The sound she made resembled the parched and noiseless scream of a sleeper. As well it might: for there below by the light of a hurricane lanthorn her dream repeated itself. “Crack,” the Hobby-Horse, was abroad in the night.

Chapter IV

The Swords Are Out

On Sword Wednesday, early in the morning, there was another heavy fall of snow. But it stopped before noon and the sun appeared, thickly observable, like a live coal in the western sky.

There had been a row about the slasher. Nobody seemed to know quite what had happened. The gardener, MacGlashan, had sent his boy down to the forge to demand it. The boy had returned with a message from Ernie Andersen to say the Guiser wasn’t working but the slasher would be ready in time and that, in any case, he and his brothers would come up and clear a place in the courtyard. The gardener, although he had objected bitterly and loudly to doing the job himself, instantly took offence at this announcement and retired to his noisomely stuffy cottage down in the village, where he began a long fetid sulk.

In the morning Nat and Chris arrived at Mardian Castle to clear the snow. MacGlashan had locked his toolshed, but, encouraged by Dame Alice, who had come down heavily on their side, they very quickly picked the lock and helped themselves to whatever they needed. Simon Begg arrived in his breakdown van with the other three Andersen brothers and a load of brushwood which they built up into a bonfire outside the old battlemented wall. Here it would be partially seen through a broken-down archway and would provide an extra attraction for the village when the Dance of the Sons was over.

Torches, made at the forge from some ancient receipt involving pitch, resin and tow, were set up round the actual dancing area.

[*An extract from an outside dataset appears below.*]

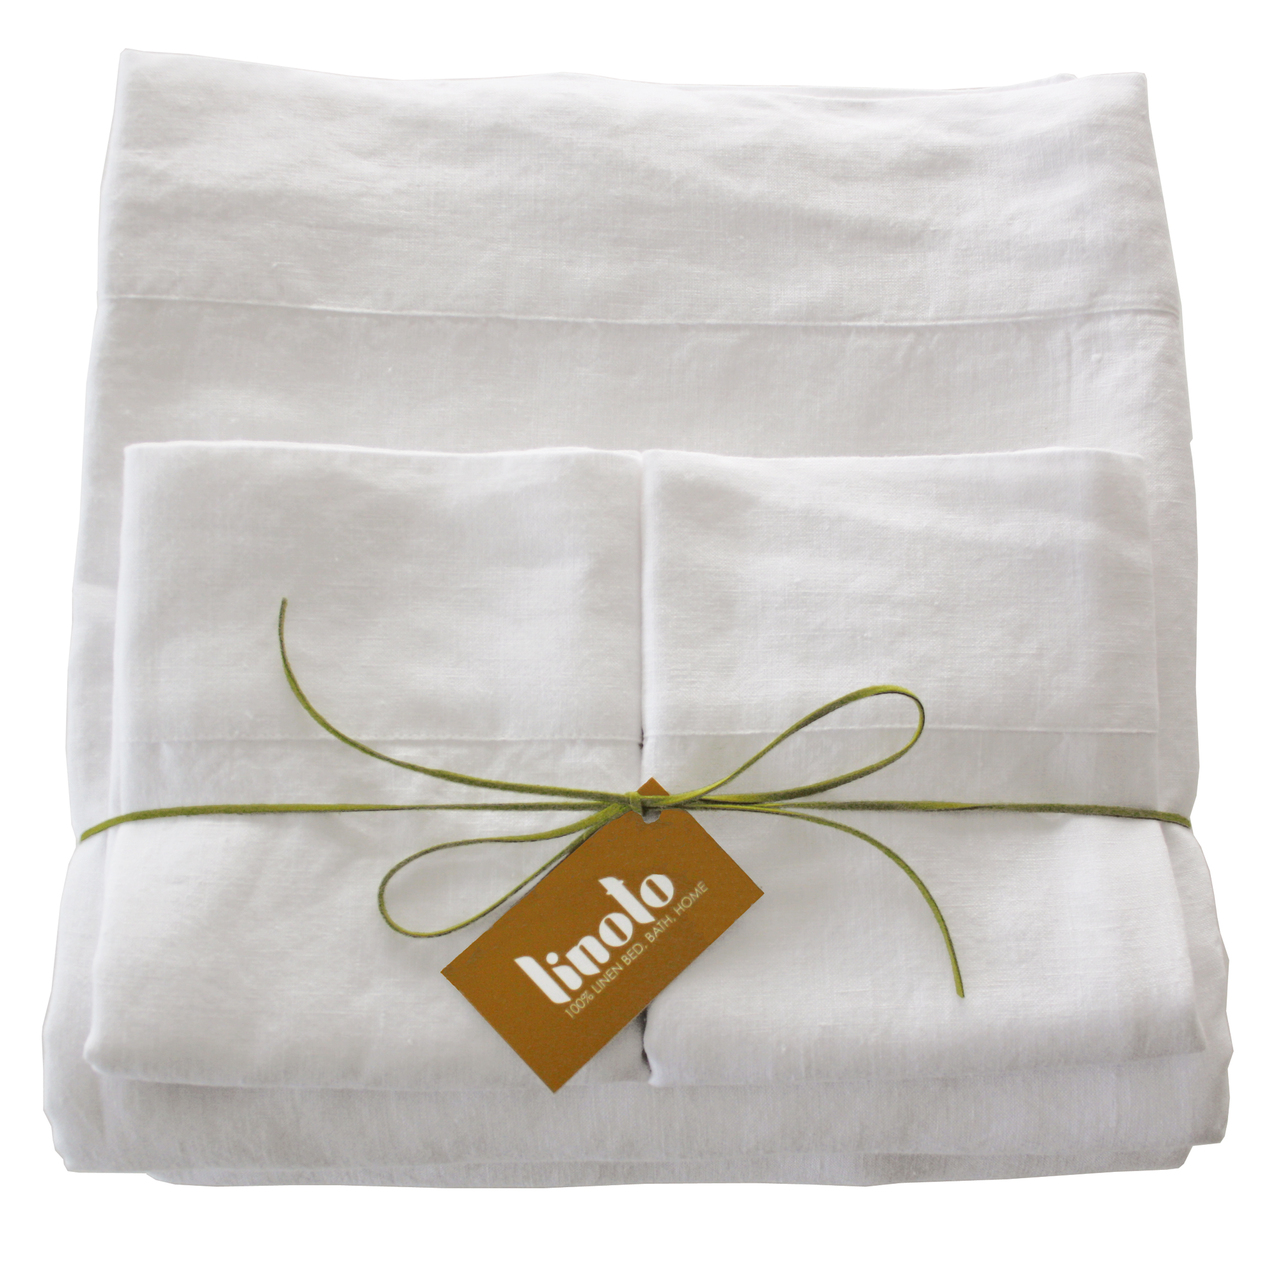 Belgian eco-linen sheet set

Later in the morning the Andersens and Simon Begg were entertained in the servants’ hall with a generous foretaste of the celebrated Sword Wednesday Punch, served out by Dame Alice herself, assisted by Dulcie and the elderly maids.

In that company there was nobody of pronounced sensibility. Such an observer might have found something disturbing in Simon Begg’s attempts to detach himself from his companions, to show an ease of manner that would compel an answering signal from their hostesses. It was such a hopeless business. To Dame Alice (who if she could be assigned to any genre derived from that of Surtees) class was unremarkable and existed in the way that continents and races exist. Its distinctions were not a matter of preference but of fact. To play at being of one class when you were actually of another was as pointless as it would be for a Chinese to try to pass himself off as a Zulu. Dame Alice possessed a certain animal shrewdness but she was fantastically insensitive and not given to thinking of abstract matters. She was ninety-four and thought as little as possible. She remembered that Simon Begg’s grandfather and father had supplied her with groceries for some fifty years and that he therefore was a local boy who went away to serve in the war and had, presumably, returned to do so in his father’s shop. So she said something vaguely seigniorial and unconsciously cruel to him and paid no attention to his answer except to notice that he called her Dame Alice instead of Madam.